If you ask park administrators, they'll tell you that the problem finishing the mall renovation is not security, but money. They say that after raising $300 million for the new bell pavilion, the Visitor's Center and the National Constitution Center, the government and the foundations are tapped out. Just $5 million, they claim, is needed to finish the mall. But in the last two years, no donor has come forward to foot the bill. In the meantime, the mall will remain unfinished.

But Olin isn't buying the money excuses. For him, the real, hidden issue is security — specifically, the government's continuing pretense that what they're doing will make visitors safer. "Look at all these big buildings," he says, pointing at the office towers around the mall. "You want to bomb Independence Hall?

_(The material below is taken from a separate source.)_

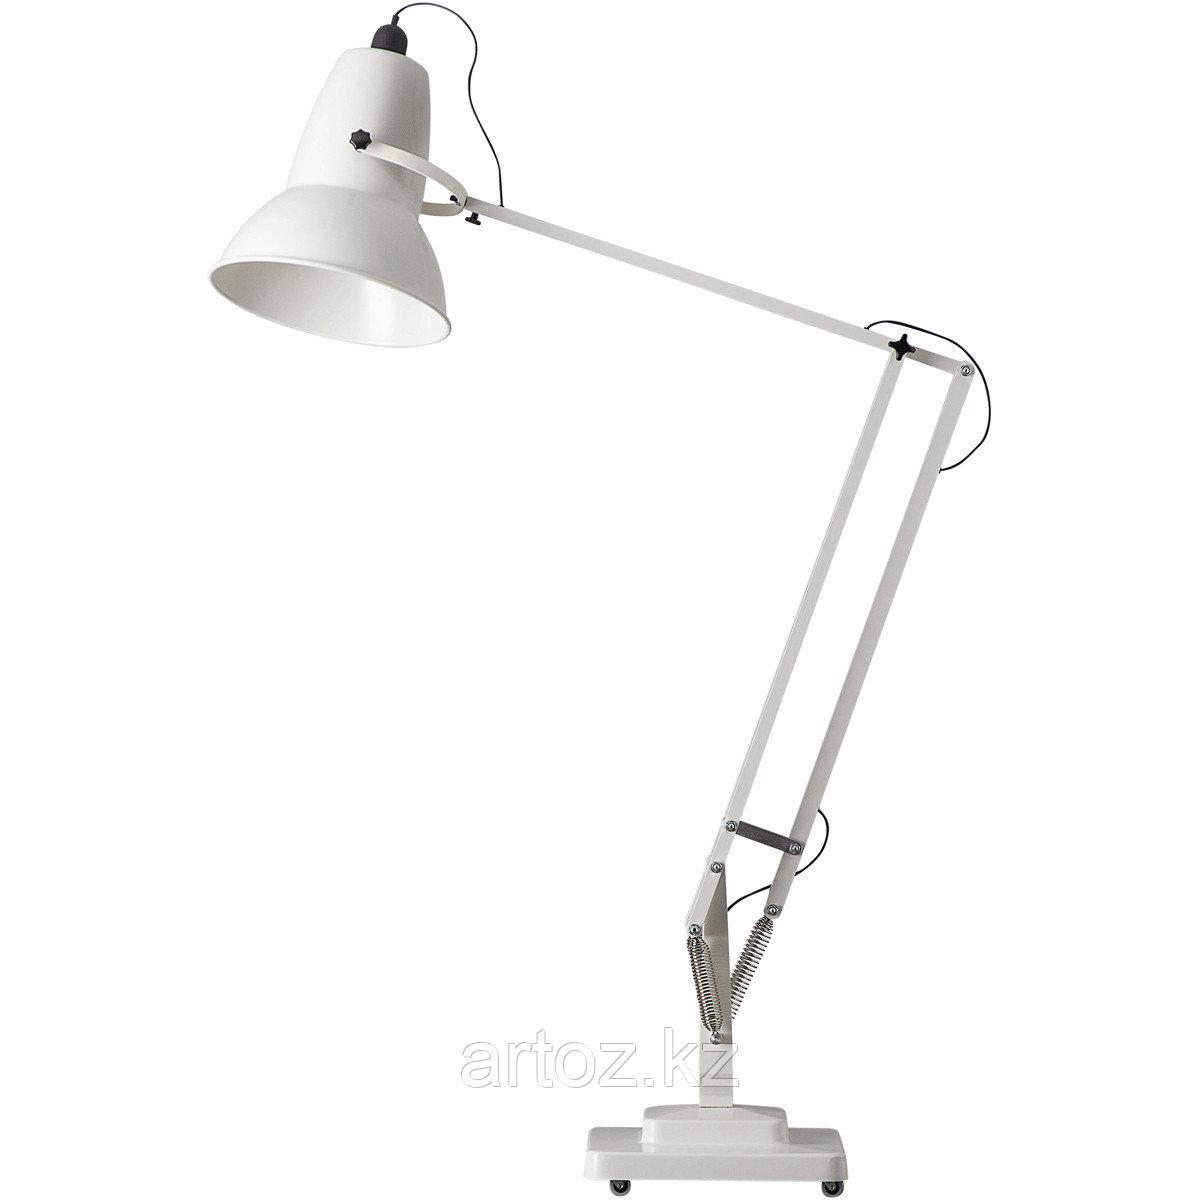 Напольная лампа 1227 Giant floor (white)

Anybody, any teenager can bomb that building from any of these roofs.

"This security is silly. There's no way to make this site totally secure in our society today. It's a waste of money and it's ruining our freedoms."

Walking away from the bell pavilion's glass facade, Olin points to the adjacent promenade. Olin designed this wide walkway at Sixth and Chestnut to treat visitors to a classic scene of the hall's clock tower. From this side, the modest, 18th-century building can be viewed against the sky — not dwarfed by an office tower emblazoned with the name of an insurance company. But the promenade is barricaded and empty of visitors, its panorama enjoyed only by security guards.

On our way to the proposed site of the First Amendment Plaza, we encounter a sign featuring Olin's park plans. Except in place of the free speech area is an unrelated sketch of a side street. In fact, the only complete plans of the Independence Mall renovation are available on Olin's site (www.olinptr.com/project_current_parks2.html).

The First Amendment Plaza was the first planned renovation, and it's fully funded. The Friends of Independence Park raised about $250,000 from private individuals almost 15 years ago. Since then, the funds have grown. Tom Caramanico, who heads the Friends, says he expects First Amendment Plaza to be built next. But according to park administrators, Caramanico will be disappointed.

There's enough money earmarked for the plaza and Olin says there's no technical reason why it can't be built right now. But park administrators say it will be built last.

From its 40-by-100-foot white-marble deck, Independence Hall and the Liberty Bell would frame potential orators, creating a panoramic icon of Americans' First Amendment rights. In a sad, ugly irony, the hall and the bell now frame only the visitors passing through X-ray machines inside the security building. And the only citizens treated to this image of liberty, at the moment, are security guards.